As noted previously, all factors affecting the functions of management can be categorized as either internal or external. These two categories can be further broken down into tangible and intangible for internal factors and external factors as microenvironment, otherwise known as competitive environment, and macroenvironment (Bateman & Snell, 2009). On the external side, under the competitive environment falls things such as suppliers, customers, and competitors; other organizations with which the company may interact. Under the macroenvironment there is economy, laws and regulations, demographics, technology, and even social influences. Target Corporation has taken a proactive stance on all external factors. One external factor in the competitive environment for Target would be Wal-Mart, a direct competitor.
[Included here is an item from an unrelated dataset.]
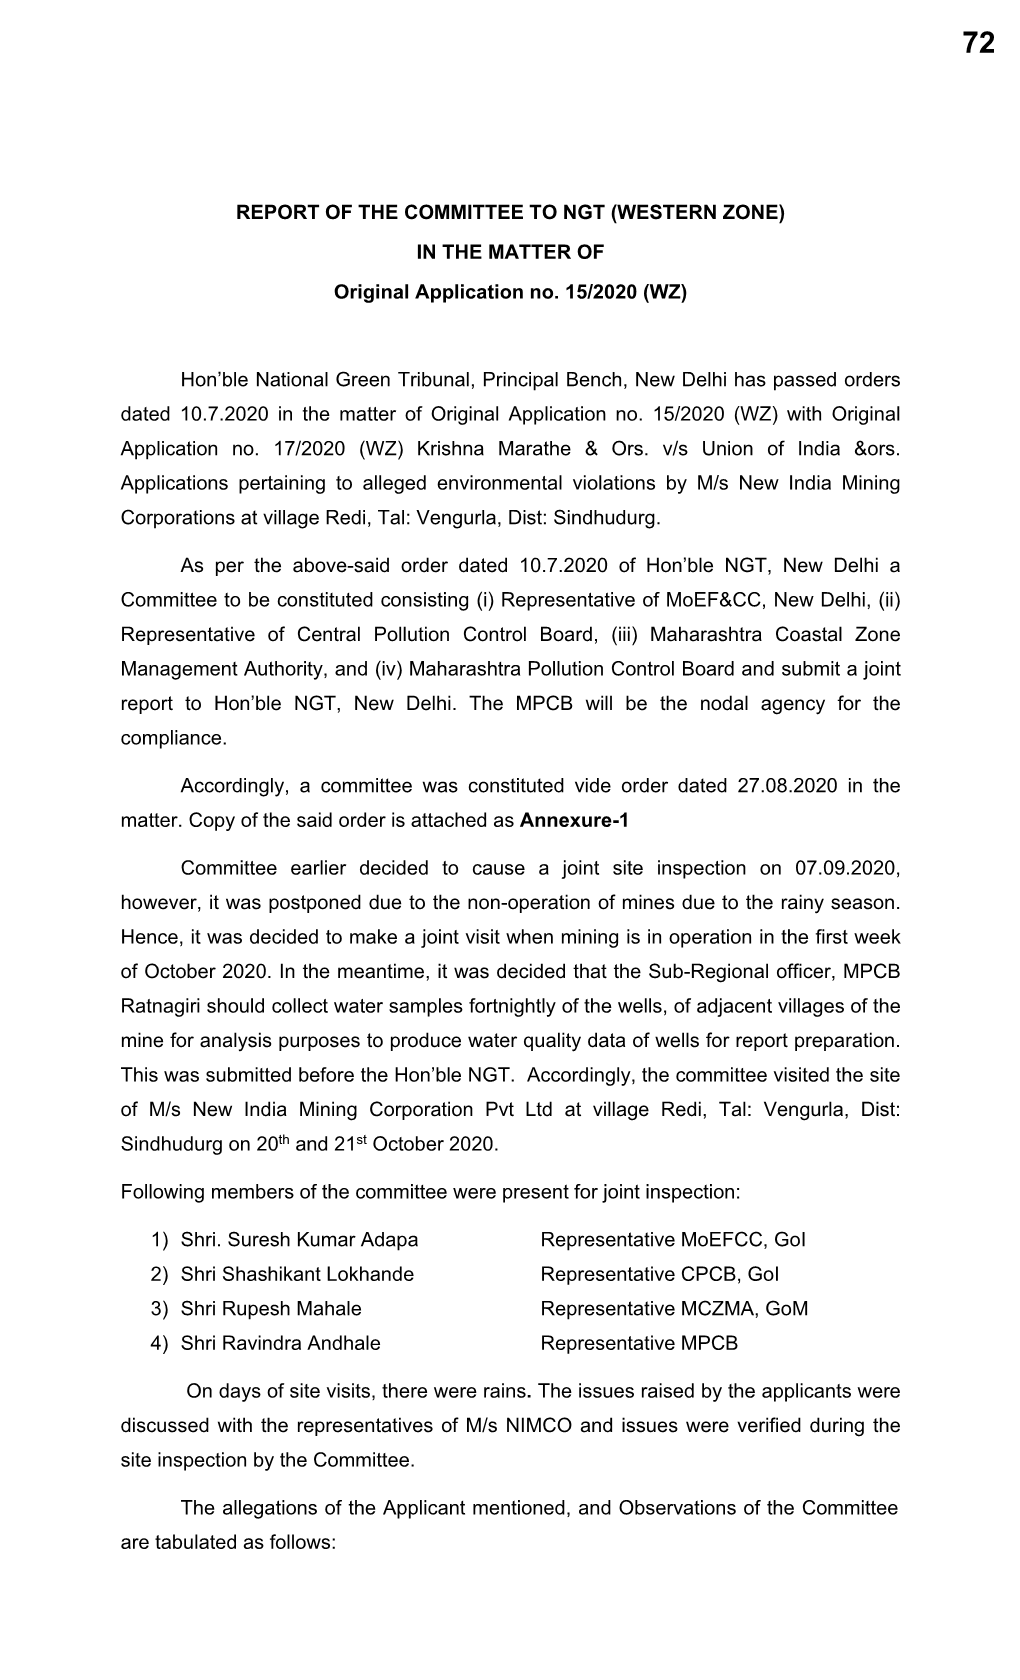 REPORT of the COMMITTEE to NGT (WESTERN ZONE) in the MATTER of Original Application No
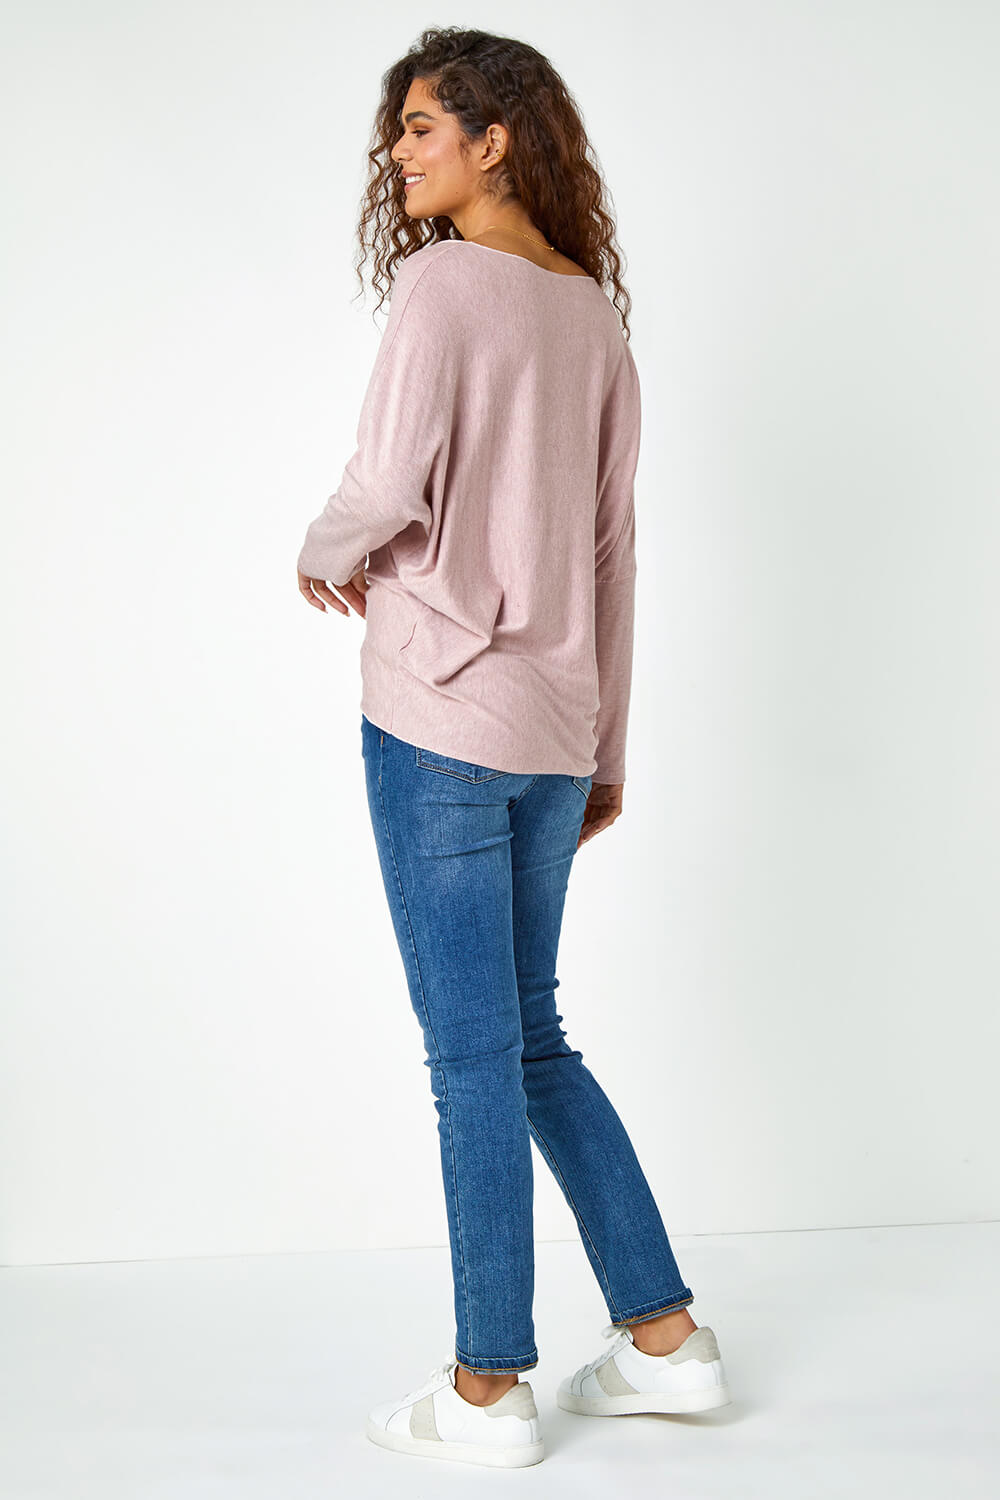 Light Pink Embellished Snowflake Stretch Top, Image 3 of 5

Compared financially; Target only brings in a fraction of Wal-Mart’s revenues (Target, 2009) (Wal-Mart, 2009). However, Target continually outperforms its competitor by retaining a larger percentage of its revenue as net income. This is true even in the down economy. It does this by focusing a great deal on maintaining a good public image, an internal factor. Target has also begun working to affect government decisions, a macroenvironmental factor. The company’s lobbying budget increased more than 740 percent from 2007 to 2008 (Open Secrets, 2009) contributing 11.8 percent when compared to its net income. Again, Target has chosen to tackle this external factor head on in an effort to influence it to their benefit. On other internal factors, Target does not differ nearly as much from their competitor. An intangible example of internal factors, they profess to focus on diversity in their employees. Though this is true overall, they still manage to have certain areas of the country where employees feel discriminated against, and miss treated, based on race or culture. They also have a history of lower than average benefits for their employees (Lydersen, 2006). These elements limit their ability to avoid employee turnover, which in turn increases costs and lowers productivity. Given these examples, a greater focus this internal factor could provide more to their employees, and save money. This is a potential area of improvement for Target to consider. Globalization

First and foremost, globalization describes an ongoing process by which regional economies, societies and cultures have integrated through globe spanning networks of exchange. Globalization is the result of advancements in communication, technologies, information technologies and transportation. Globalization has both a positive aspect, and a negative aspect. Among the negative aspects are that globalization contributes to rapid...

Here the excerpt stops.